1.6.1.2.2.2 Time course
The important feature of a time course experimental design is that a same subject (i.e., biological replicate) is repetitively measured across multiple time points. In this example there are 3 time points, Time1, Time2, and Time3 (in general the number of times can vary). There are 3 subjects (i.e., biological replicates) measured across times (in general an equal number of times per replicate is not required). There are no technical replicates (in general the number of technical replicates per sample may vary). Overall, in this example there are 3 × 3 = 9 mass spectrometry runs.
1.6.1.2.2.3 Paired design
Another frequently used experimental design is a paired design, where measurements from multiple conditions (such as healthy biopsy and disease biopsy) are taken from a same subject. The statistical model for this experimental design is the same as in the time course experiment, however the values in the columns of the input data may have a different appearence. In this example there are 3 subjects (in general the number of patients can vary). There are three conditions per subject (in general the number of conditions per subject can exceed two). Overall, in this example there are \(2 \times 3 = 6\) mass spectrometry runs. BioReplicate
should indicate each individual ID.
1.6.1.3 Preprocessing with SkylinetoMSstatsFormat
The input data for MSstats
is required to contain variables of ProteinName, PeptideSequence, PrecursorCharge, FragmentIon, ProductCharge, IsotopeLabelType, Condition, BioReplicate, Run, Intensity. These variable names should be fixed. MSstats
input from Skyline adapts the column scheme of the dataset so that it fits MSstats
input format. However there are several extra column names and also some of them need to be changed. SkylinetoMSstatsFormat
function helps pre-processing for making right format of MSstats input from Skyline output. For example, it renames some column name, and replace truncated peak intensities with NA. Another important step is to handle isotopic peaks before using dataProcess
. The output from Skyline for DDA experiment has several measurements of peak area from the monoisotopic, M+1 and M+2 peaks. To get a robust measure of peptide intensity, we can sum over isotopic peaks per peptide or use the highest peak. Here we take a summation per peptide ion.
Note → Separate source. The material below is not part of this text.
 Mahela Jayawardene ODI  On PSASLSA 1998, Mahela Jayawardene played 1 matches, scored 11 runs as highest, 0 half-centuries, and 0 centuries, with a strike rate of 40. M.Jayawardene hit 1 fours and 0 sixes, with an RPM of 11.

Here is the summary of pre-processing steps in SkylinetoMSstatsFormat
function (in orange box below).
For further details, visit the help file using the following code.
?SkylinetoMSstatsFormat
# reformating and pre-processing for Skyline output.
input.skyline <- SkylinetoMSstatsFormat(raw.skyline,
annotation=annot.skyline,
removeProtein_with1Feature = TRUE)
## ** Proteins, which names include DECOY, are removed.
## ** Peptides, that are used in more than one proteins, are removed.
## Warning in SkylinetoMSstatsFormat(raw.skyline, annotation =
## annot.skyline, : NAs introduced by coercion
## ** Truncated peaks are replaced with NA.
## ** For DDA datasets, three isotopic peaks per feature and run are summed.
## ** 4 features have all NAs or zero intensity values and are removed.
## ** 13 features have 1 or 2 intensities across runs and are removed.
## ** All proteins have at least two features.
head(input.skyline)
## ProteinName PeptideSequence PrecursorCharge
## 1 sp|D6VTK4|STE2_YEAST EGEVEPVDM[+16]YTPDTAADEEARK 3
## 2 sp|D6VTK4|STE2_YEAST EGEVEPVDM[+16]YTPDTAADEEARK 3
## 3 sp|D6VTK4|STE2_YEAST EGEVEPVDM[+16]YTPDTAADEEARK 3
## 4 sp|D6VTK4|STE2_YEAST EGEVEPVDM[+16]YTPDTAADEEARK 3
## 5 sp|D6VTK4|STE2_YEAST EGEVEPVDM[+16]YTPDTAADEEARK 3
## 6 sp|D6VTK4|STE2_YEAST EGEVEPVDM[+16]YTPDTAADEEARK 3
## FragmentIon ProductCharge IsotopeLabelType Condition BioReplicate
## 1 sum NA L Condition1 1
## 2 sum NA L Condition2 2
## 3 sum NA L Condition4 4
## 4 sum NA L Condition2 2
## 5 sum NA L Condition4 4
## 6 sum NA L Condition3 3
## Run Intensity StandardType
## 1 JD_06232014_sample1_C.raw 7863713 NA
## 2 JD_06232014_sample2_A.raw 977615 NA
## 3 JD_06232014_sample4_B.raw 4102785 NA
## 4 JD_06232014_sample2_C.raw 6547299 NA
## 5 JD_06232014_sample4_C.raw 3972464 NA
## 6 JD_06232014_sample3_B.raw 8896052 NA
1.6.1.4 Preliminary check
length(unique(input.skyline$ProteinName))
## [1] 3027
sum(is.na(input.skyline$Intensity))
## [1] 219
sum(!is.na(input.skyline$Intensity) & input.skyline$Intensity==0)
## [1] 2414
1.6.2 MaxQuant output
1.6.2.1 Read data
Three files should be prepared before MSstats. Two files, ‘proteinGroups.txt’ and ‘evidence.txt’ are outputs from MaxQuant.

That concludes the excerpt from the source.